#### COLLECTED DATA
◇ ◇ ◇ ◇ ◇

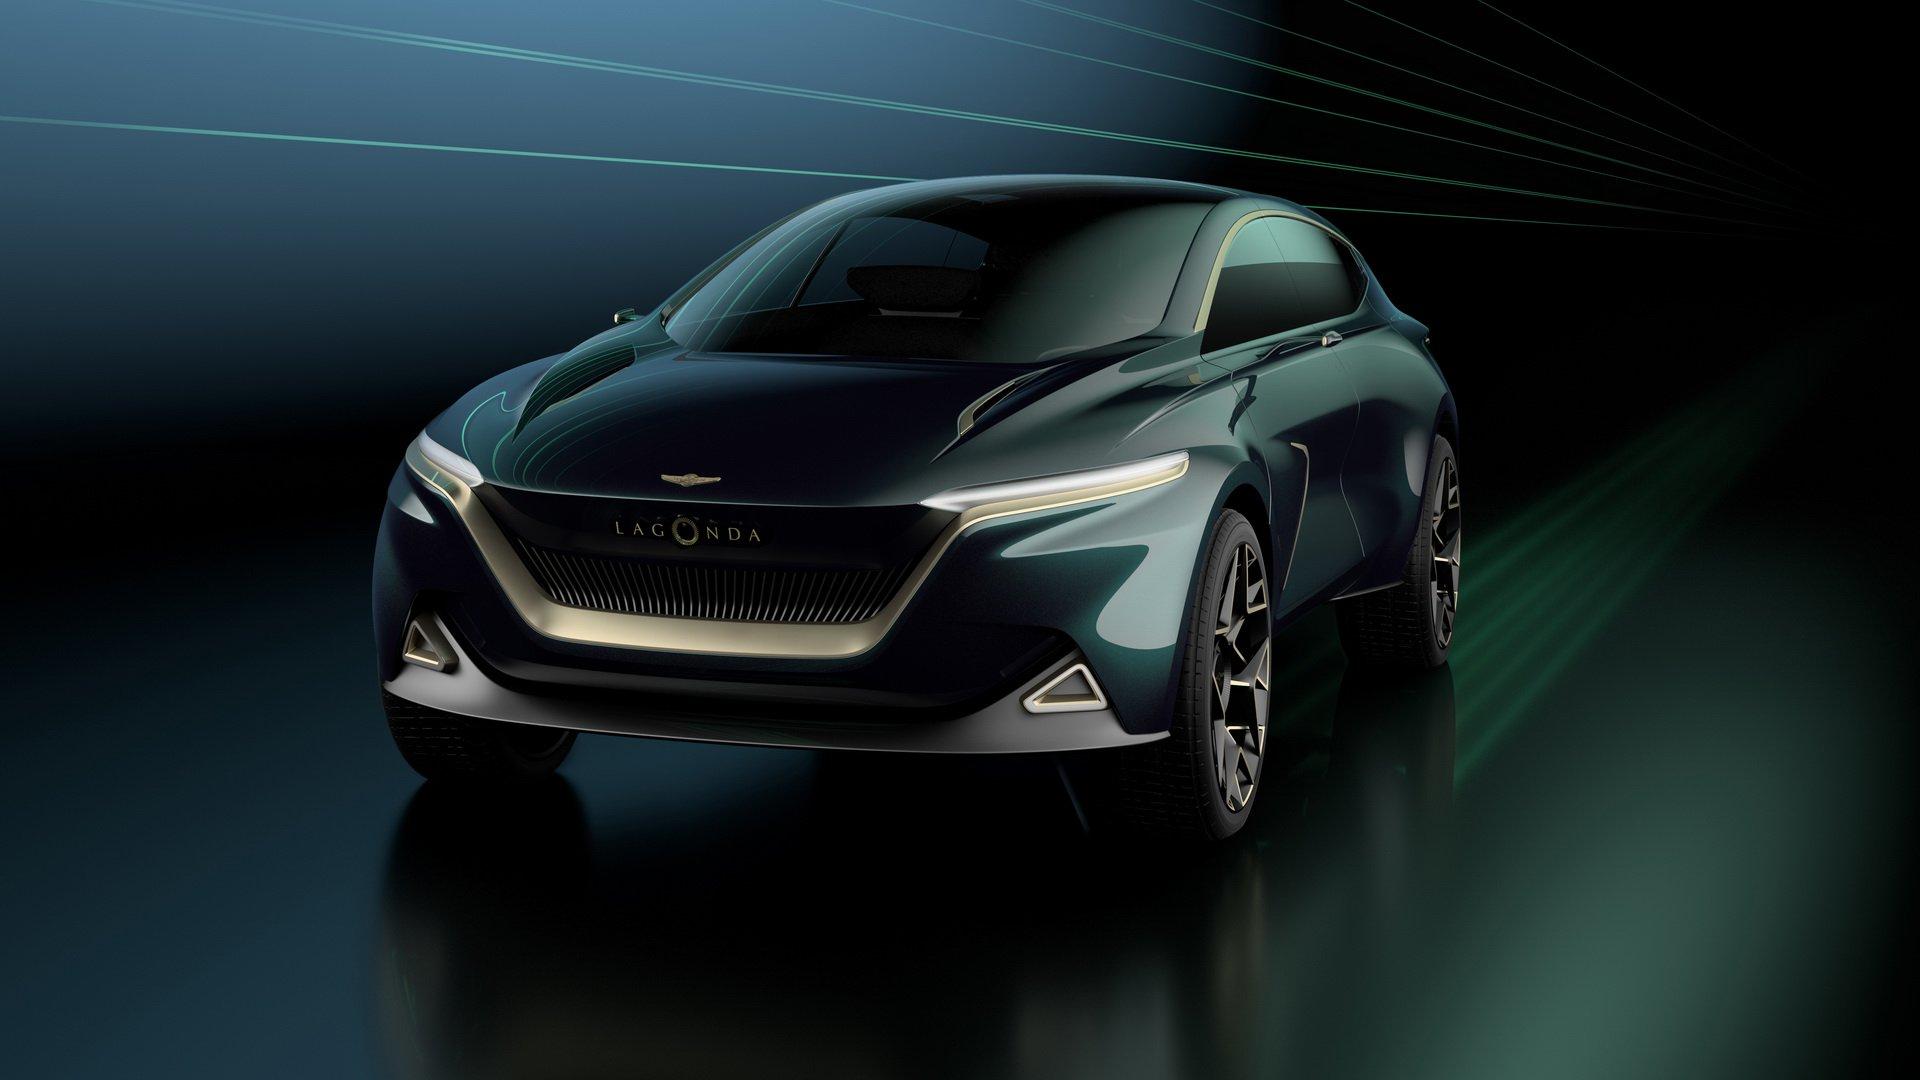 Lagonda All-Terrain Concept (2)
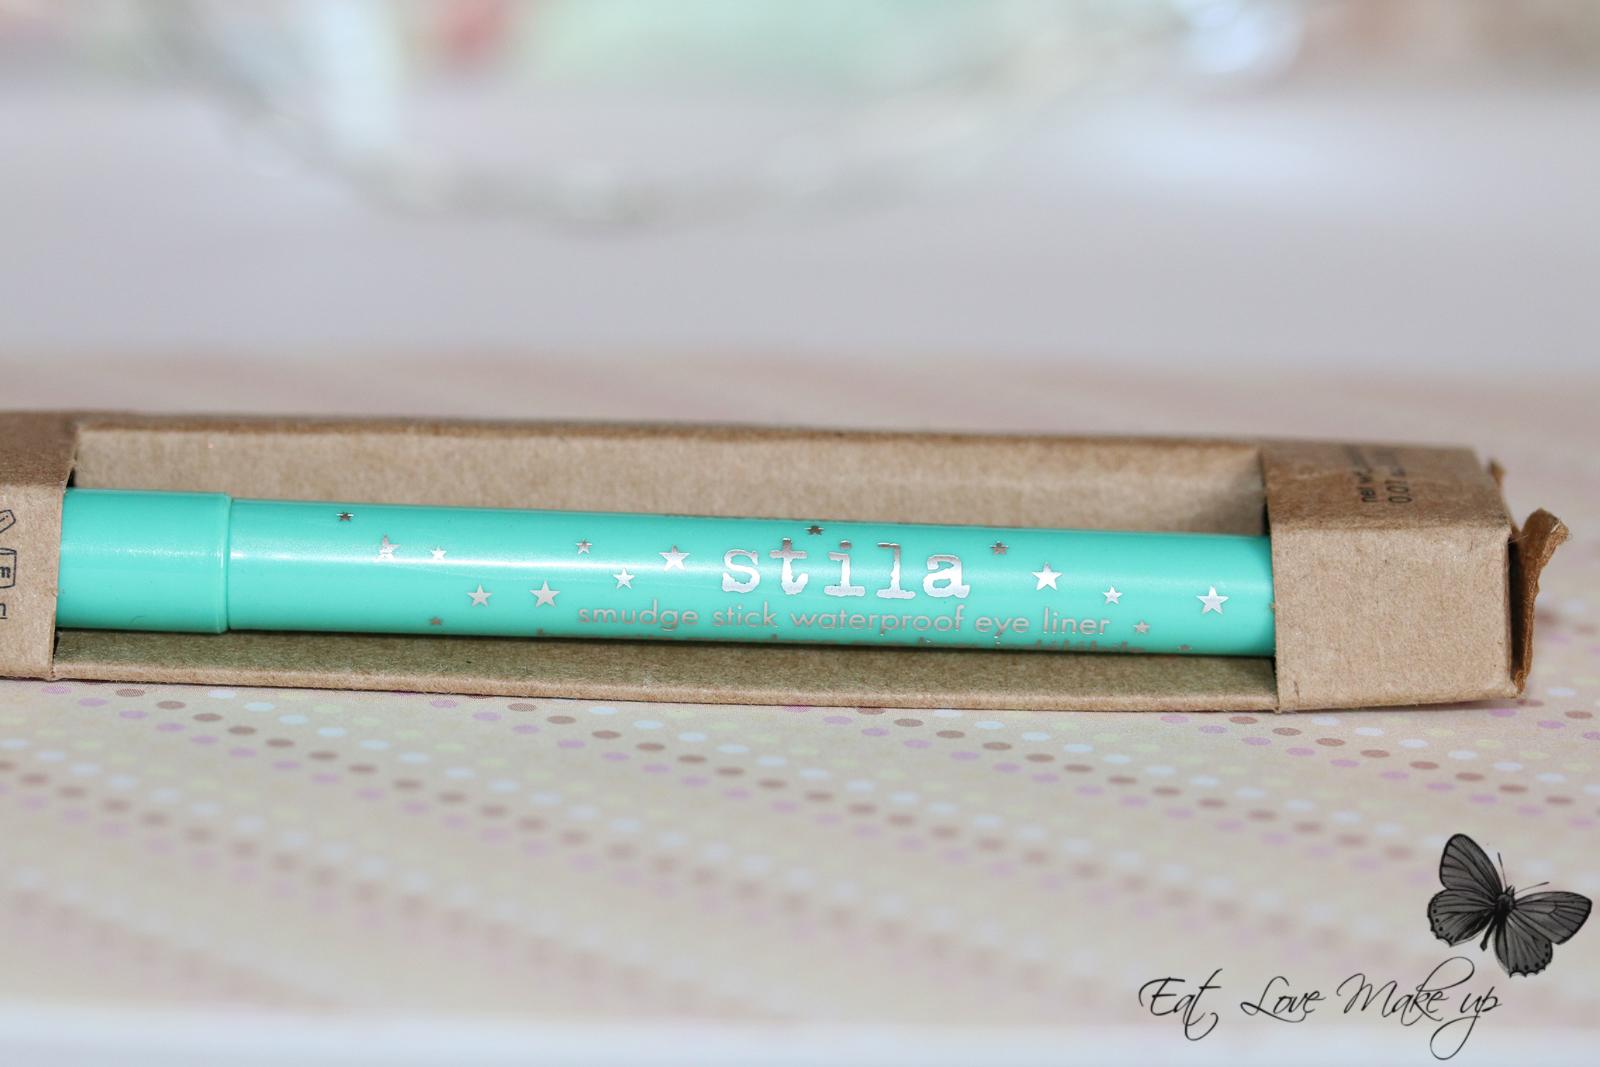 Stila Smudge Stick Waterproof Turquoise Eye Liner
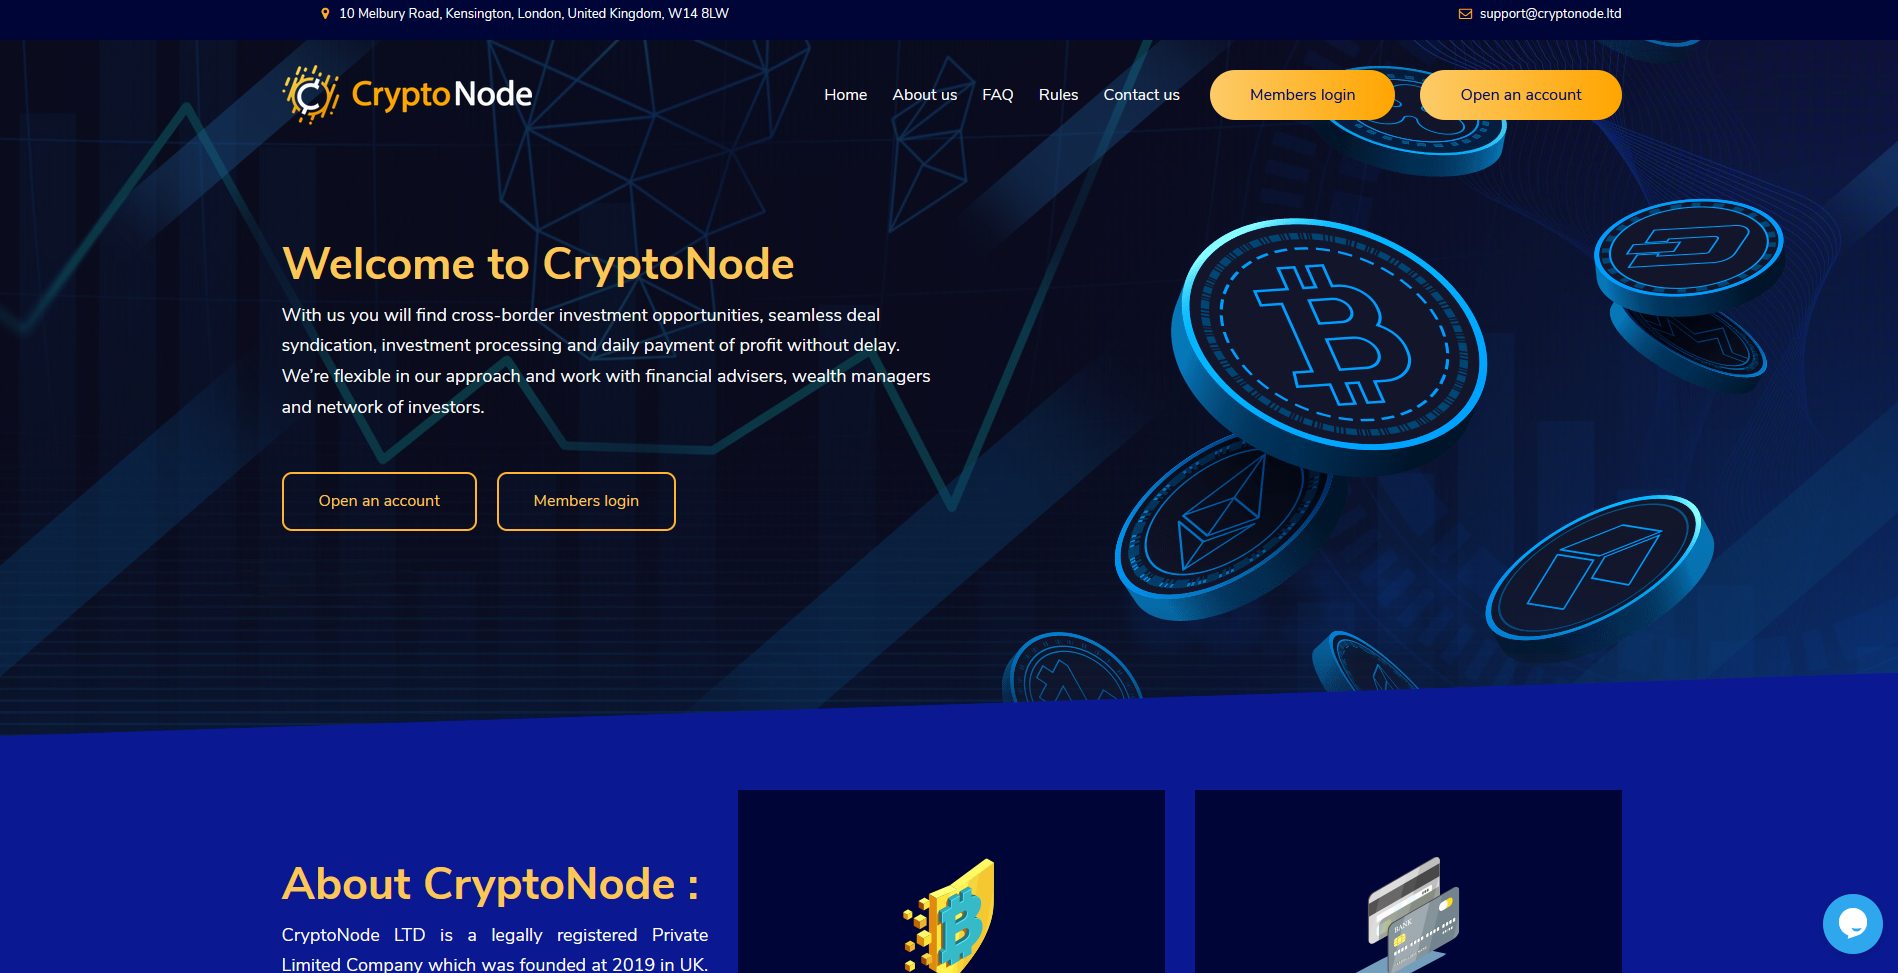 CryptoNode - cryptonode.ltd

◇ ◇ ◇ ◇ ◇

#### INSTRUCTIONS TO FOLLOW
Write out an exact copy of the lines beginning at the line that contains "Stila Smudge Stick" and ending at the last line of the listing. Exclude pictures.

#### RESPONSE
 Stila Smudge Stick Waterproof Turquoise Eye Liner
 CryptoNode - cryptonode.ltd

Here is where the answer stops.